Perks gone wild

PianoIt started with free M&M’s. Now there’s a country club, on-site Montessori daycare, on-site doctors and nurses, 35-hour work week, live piano music during lunch, 50.000 square foot fitness center, swimming pools, no dress-code, masseur, on-site car detailing. And more. If you need assistance in adopting a child or finding a college for your child or a nursing home for a parent, they have people to help you with that too.

SAS Institute’s perks are legendary, and the Software Company’s 9.000 employees certainly know they have it good. Normally IT companies have employee turnover rates of 20%. At SAS it’s 3% which saves them an estimated $80 million a year in recruting costs alone. Conservatively.

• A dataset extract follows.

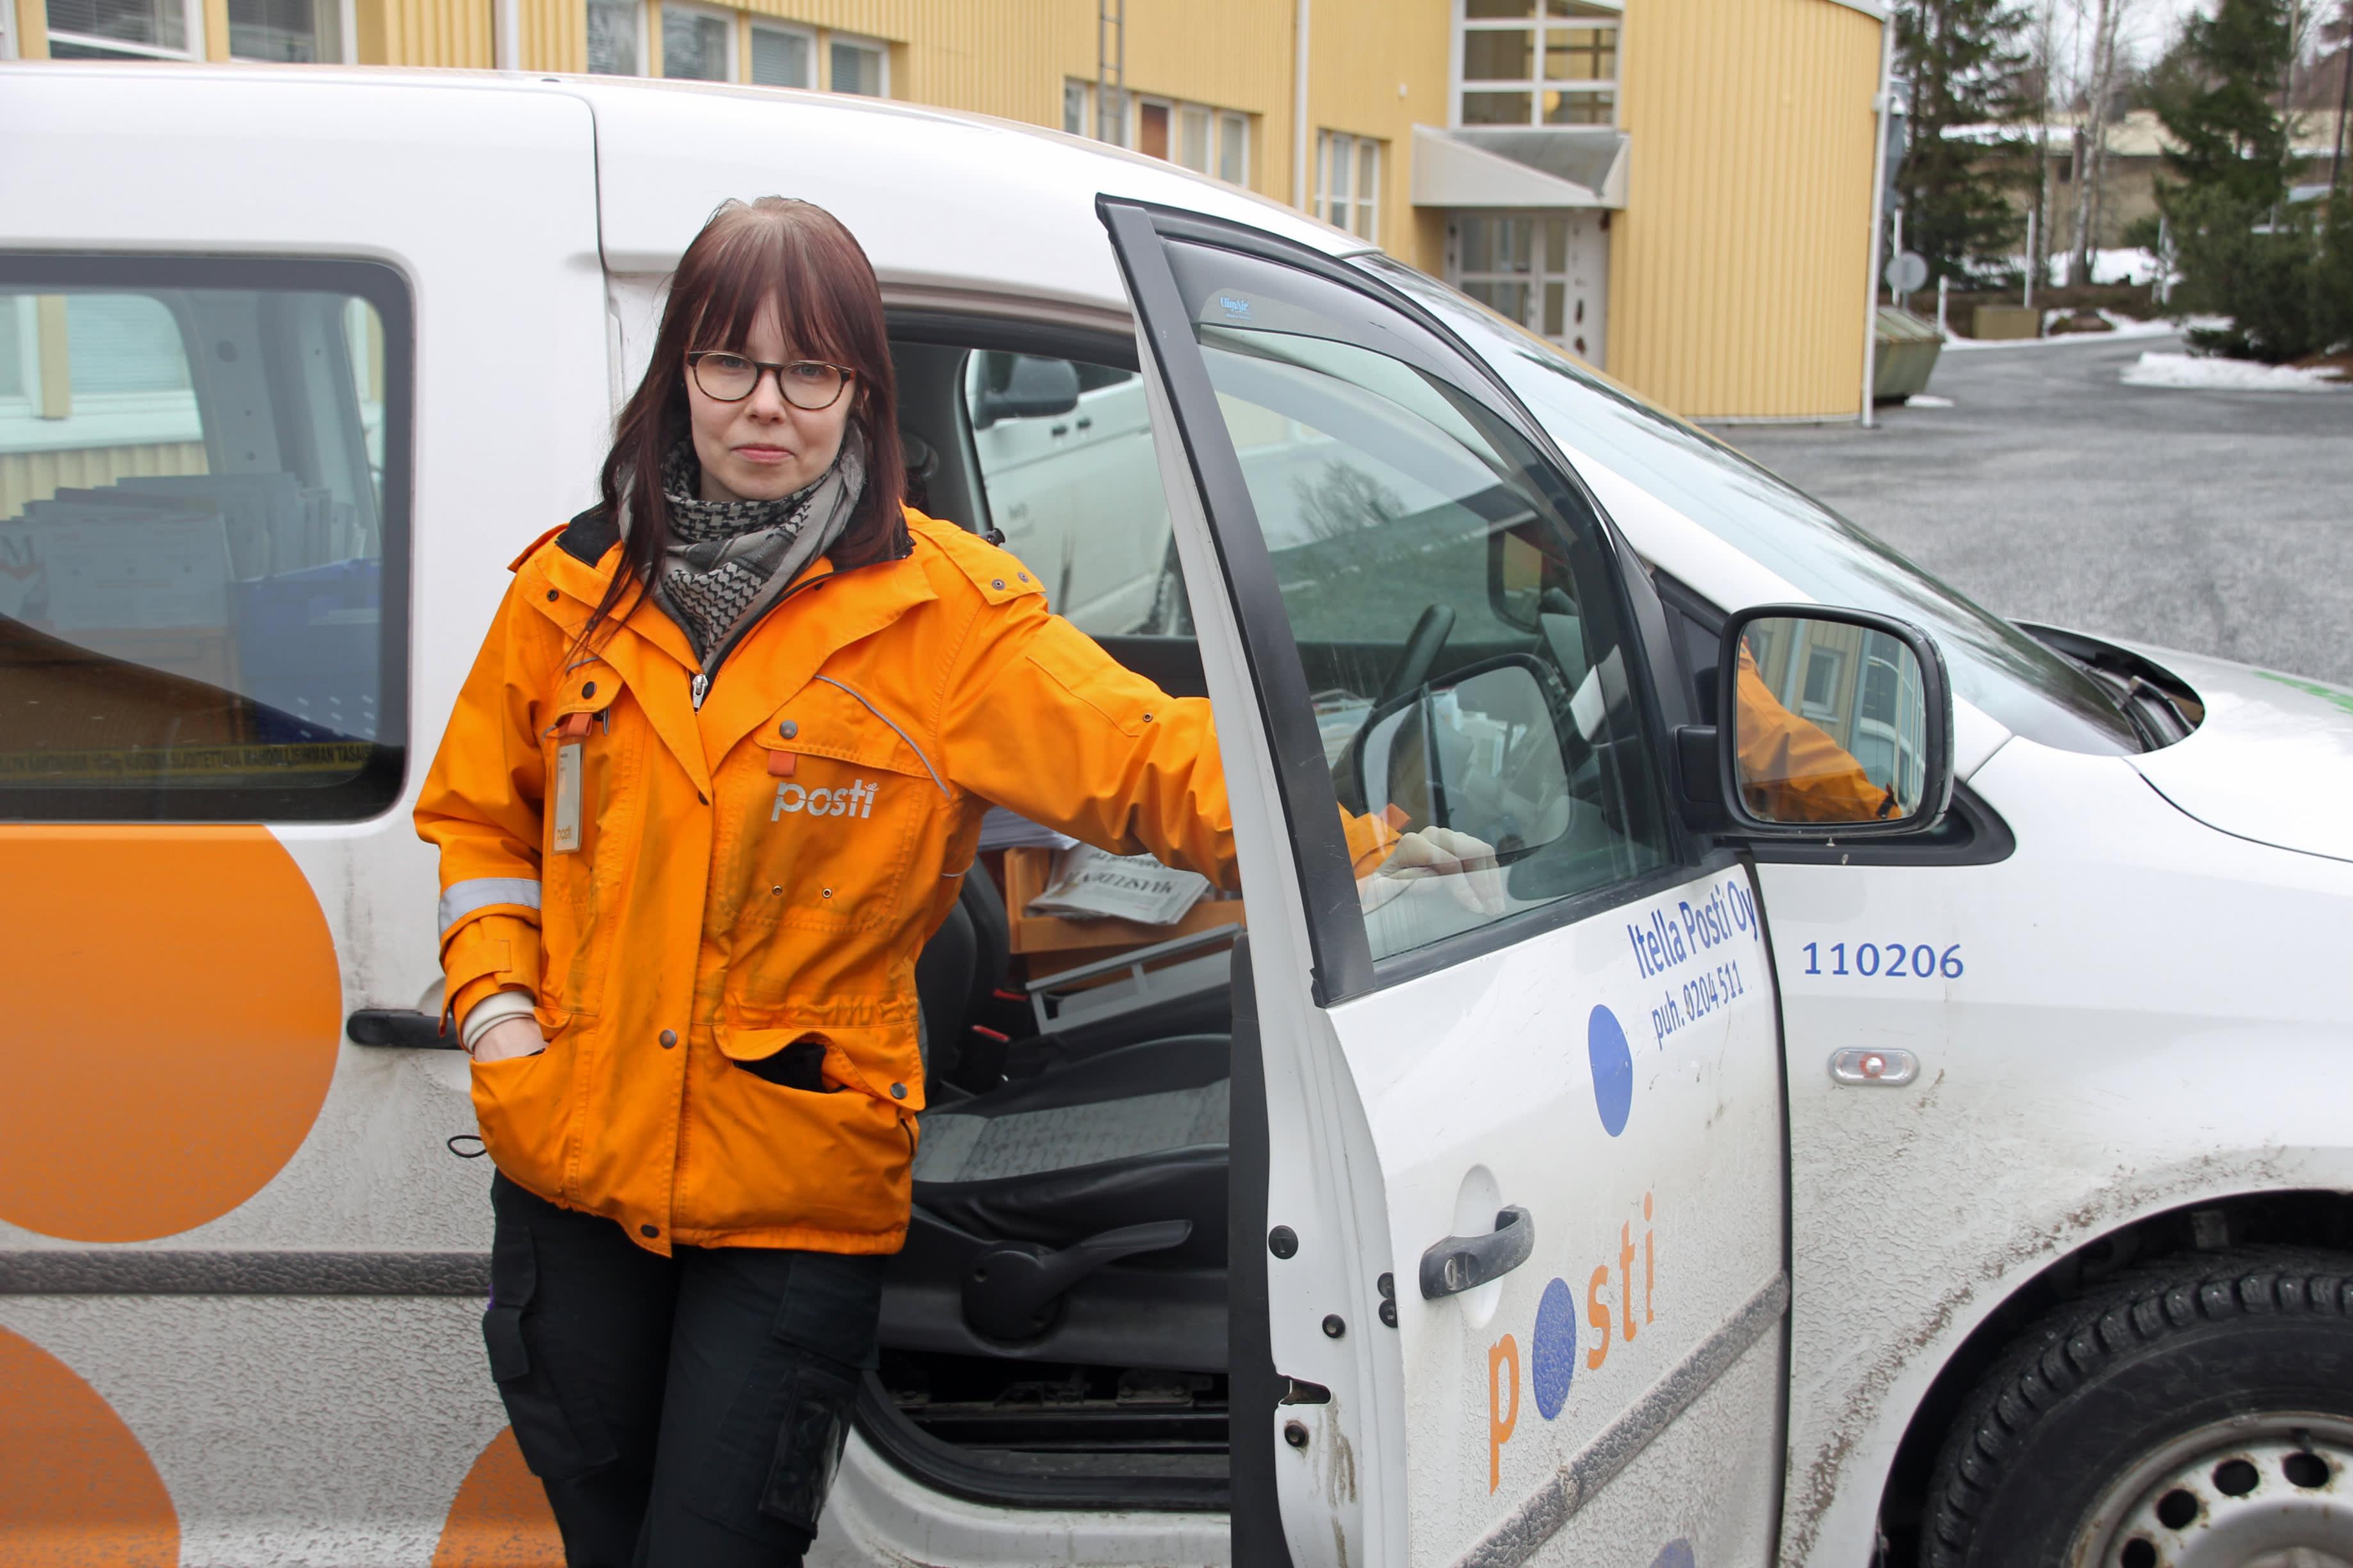 Elli Valkila Postin auton edessä

Why do they do it? Are they naïve altruists? Jeff Chambers, director of human resources at SAS, puts it like this:

No, we’re not altruistic by any stretch of the imagination. This is a for-profit business and we do all these things because it makes good business sense.

There are four interesting points to notice about what SAS is doing:

1: It works

Their annual report for 2004 rightly brags about their 28th consecutive year of growth and prosperity, a record unmatched in the software industry. Their revenues in 2004 was $1.5 billion. That’s pretty impressive.

2: It’s possible because they’re privately owned

CEO Jim Goodnight refuses to take the company public because it might change the way employees are treated and destroy their ability to make long-term plans:

You can’t just have a weak quarter and then all of a sudden start bailing out and cutting things. I am basically my own board. So, I don’t have to worry about pressure from the board or being fired if I don’t improve earnings.

There’s no possible way I can tell you what my earnings are going to be to the penny each quarter. There’s only one way to get there to the penny — you have to cook the books.

3: They’re committed to treating their people well

Goodnight says it very simply:

If the employees are happy, they make the customers happy. If they make the customers happy, they make me happy.

4: It’s not the perks

SAS employees are happy and stay at the company for years doing good, creative work. But that’s not because of the perks – because no amount of perks can make up for lousy leadership, a bad atmosphere or a lack of respect for employees.

The truth is this: The perks, combined with Goodnight’s and the company’s attitude, make people feel valued – and that’s what’s making them happy.

This is good news for companies that don’t have as much money in the bank as SAS. It’s not the (expensive) perks, it’s the commitment to your employees’ happiness that makes a difference. And that doesn’t take country clubs and Montessori schools but can be done on a much tighter budget.

Most of the information in this post comes from the piece 60 minutes did on them back in 2003.